Binary format for the static prediction tables

[Yoric]

Since we want to ship dictionaries, we need to specify their format, too.

I'm pretty sure that we can use efficient entropy coding also for the dictionaries, fwiw.

[Yoric]

I got some data with the latest dictionary builder. We'll need an efficient format to actually ship dictionaries.

[Yoric]

A few things to recall:

• whatever dictionary we ship today, we still need to ship in 10 years (the format may change, but not the contents);
• we will need to ship new dictionaries whenever the JavaScript AST changes, which suggests we may wish to ship them somehow as diffs;
• after a few versions of JavaScript, we'll end up with several dictionaries in memory at the same time;
• developers may wish to ship a new dictionary because for some reason their code is not compressed correctly by our entropy coder, which also suggest we may wish to ship dictionaries as diffs.

In turn, this shipping as diffs suggests that we want to ship number of occurrences (easy to add to without precision loss), rather than actual probabilities (floating points, harder to manipulate).

[kannanvijayan-zz]

Recapping some conversations from IRC here.

Firstly, I feel we should settle on some consistent terminology. "Dictionary" is a very overloaded term and suggests words or character-sequence tables of some sort. I would suggest using "Prediction Tables" to talk about this. They are mappings from various contexts (e.g. Tree-path-suffix, or move-to-front cache of strings) to a table which acts as a predictor that provides a probability distribution for elements showing up at some location in the data stream.

That said, the key thing that's relevant here is that we have decided that prediction tables will not be shipped in-line with the content, and that we will allow compressed content to reference a prediction table (e.g. with a URL + verification hash). This effectively offloads the problem entirely.

Initially, we can produce a "standard" prediction table derived from a "general corpus" of javascript. This is the default table which tools can use. This table can be made available at a standard "well-known" location (or shipped with the browser, as an implementation detail).

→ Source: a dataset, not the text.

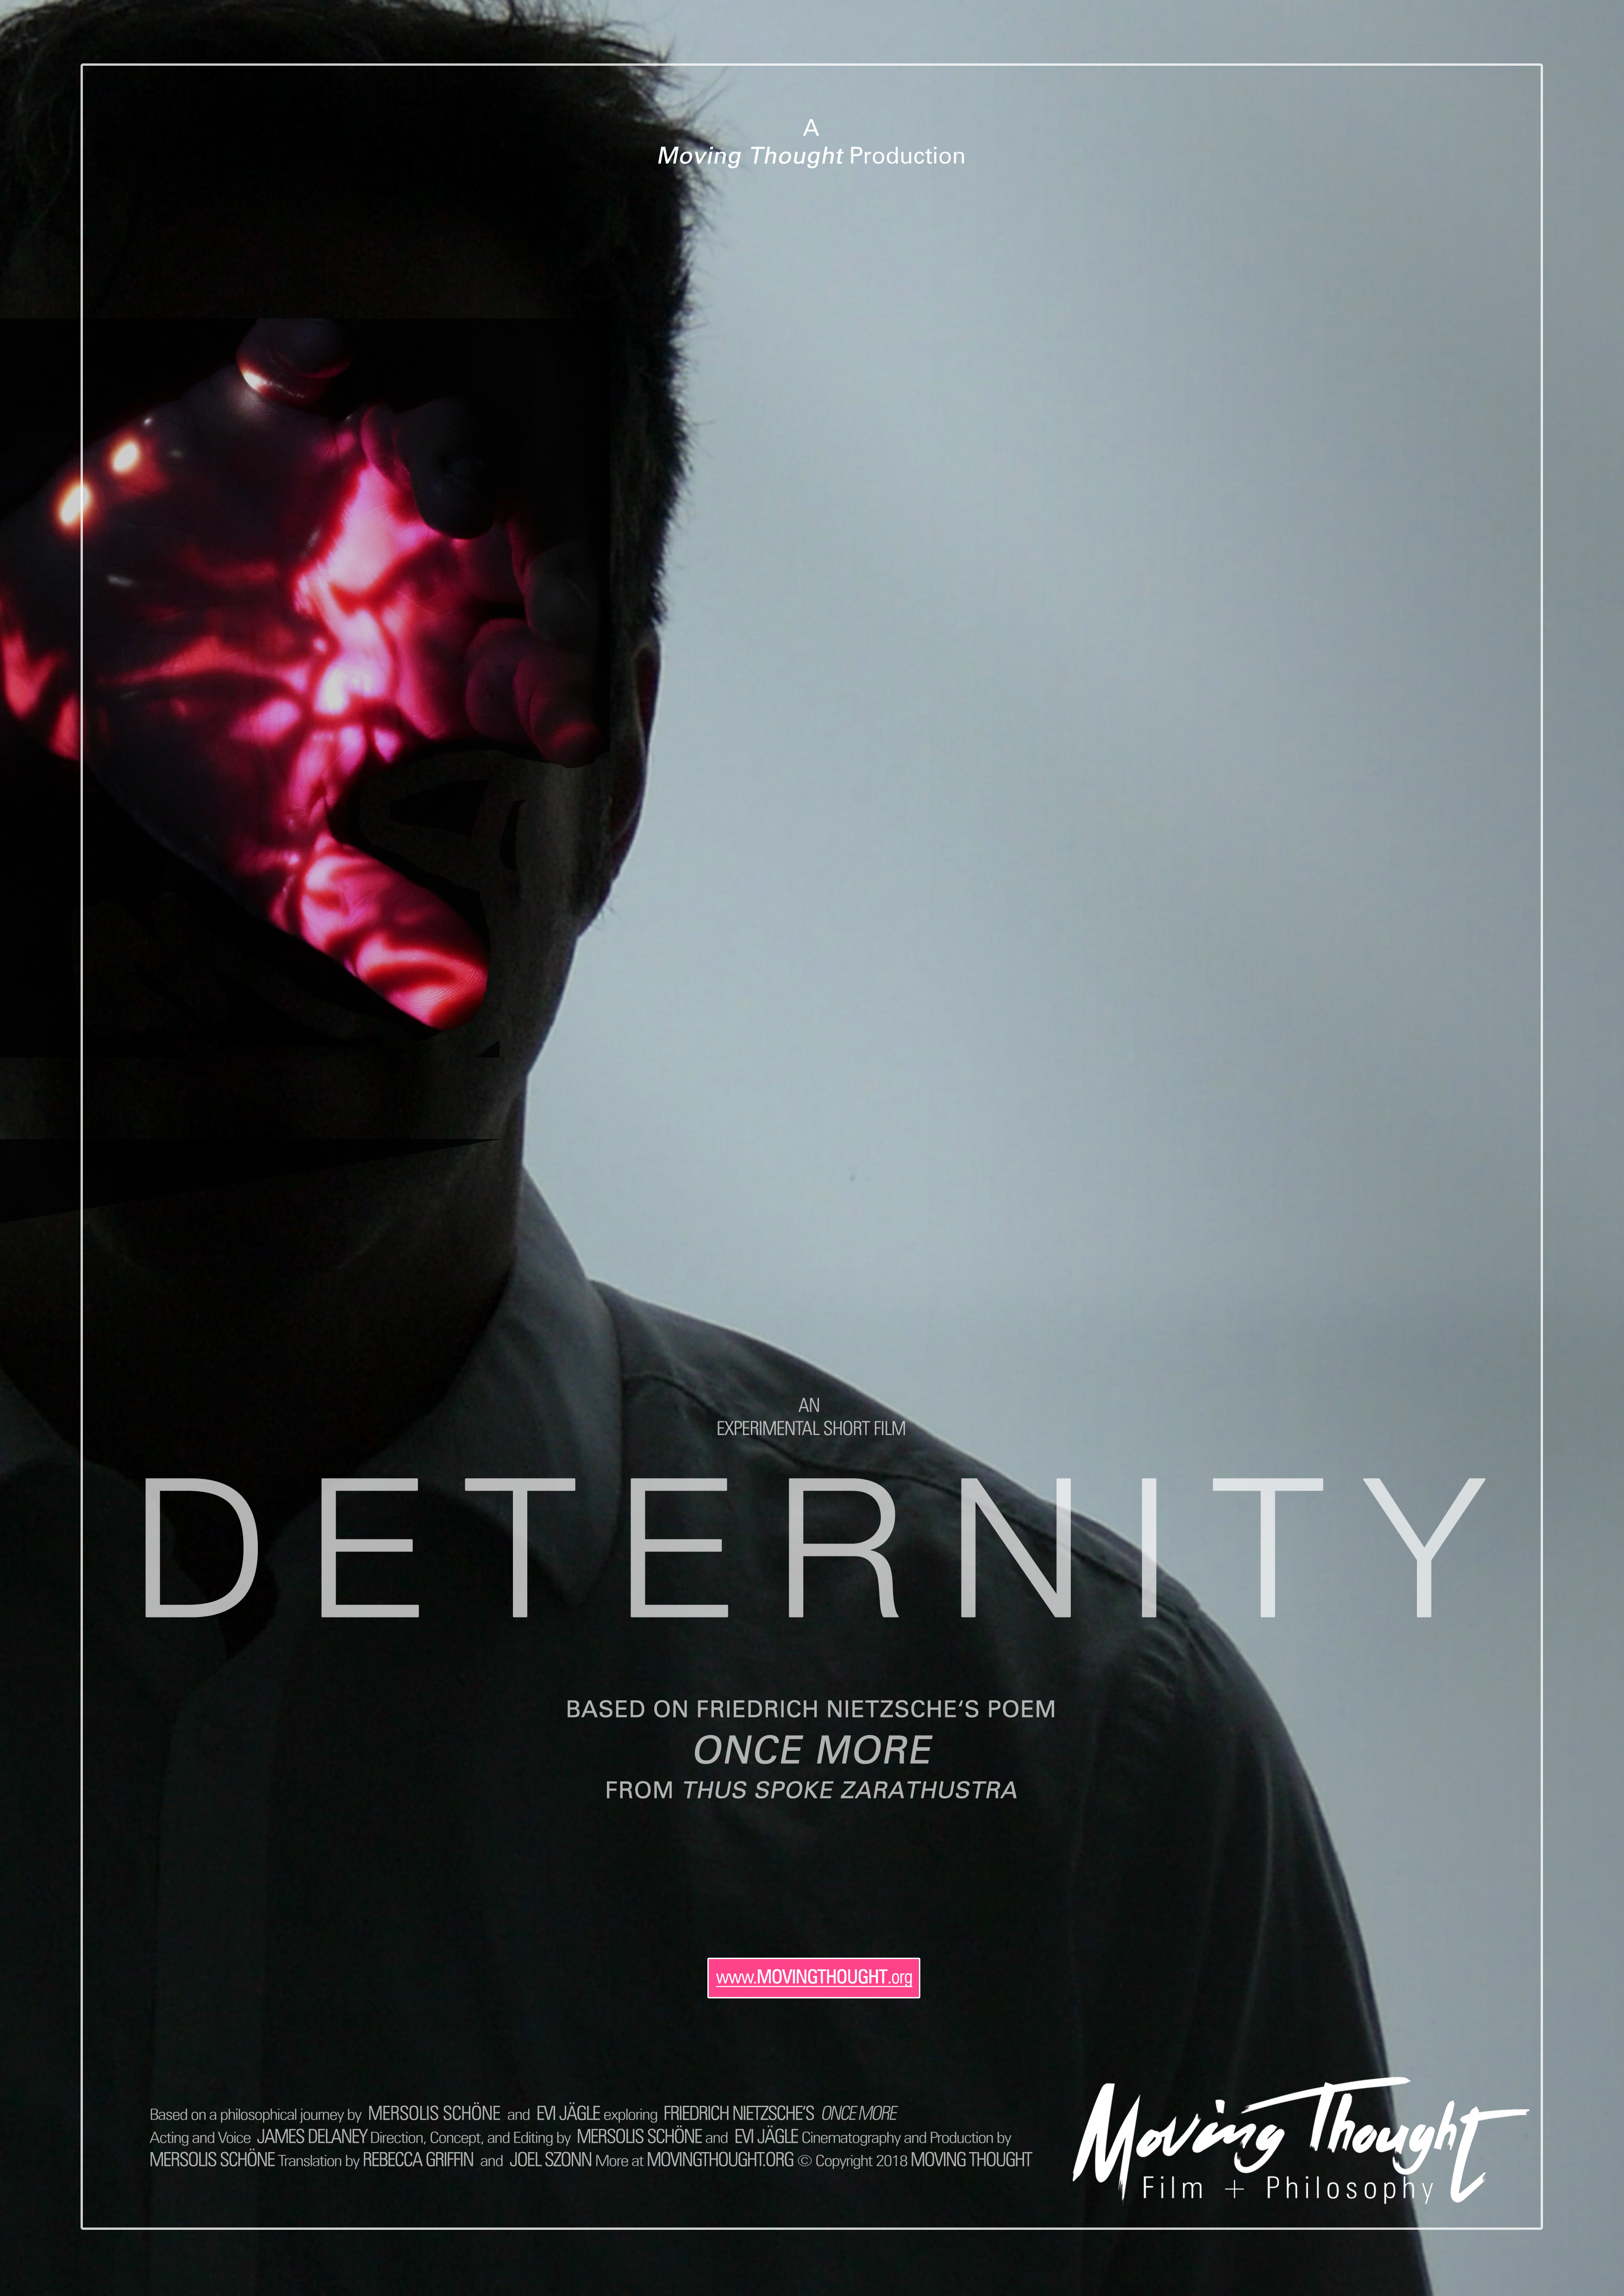 Deternity (Still) with James Delaney - by Evi Jägle and Mersolis Schöne

In the general case, an individual binast file may reference a custom prediction table. However, we know that we can expect that these tables will change very frequently, and will be effectively be cached locally for every request that is made to content that references it (except for the first).

From the browser's side, the logic for decoding an incoming binast file A referencing a table T would be:

1. Receive binast file A.
2. Header of binast file A identifies probability table T by URL+content-hash
3. Check local cache for T (using content-hash as key) - highly likely to hit. Retrieve T and cache if necessary.
4. Proceed to decoding binast file A using probability table T.

In this scenario, the "default table" is simply just another table that may be referenced. Whether it's shipped with the browser or not is an implementation detail that doens't matter from a performance perspective.

[kannanvijayan-zz]

Pinging @dominiccooney for discussion alert.

[Yoric]

From the browser's side, the logic for decoding an incoming binast file A referencing a table T would be:

Receive binast file A.
Header of binast file A identifies probability table T by URL+content-hash
Check local cache for T (using content-hash as key) - highly likely to hit. Retrieve T and cache if necessary.
Proceed to decoding binast file A using probability table T.

In this scenario, the "default table" is simply just another table that may be referenced. Whether it's shipped with the browser or not is an implementation detail that doens't matter from a performance perspective.

Note that it's a bit more complicated than that, as:

• A and T need to be received by the browser (in Firefox, that's by Necko);
• A and T need to be decompressed by the JS VM (in Firefox, that's SpiderMonkey).

We should move this conversation in the relevant bug, though: #4 .
Consequently, we can already imagine that SpiderMonkey will need to expose an API for Necko to inspect A to determine association with T.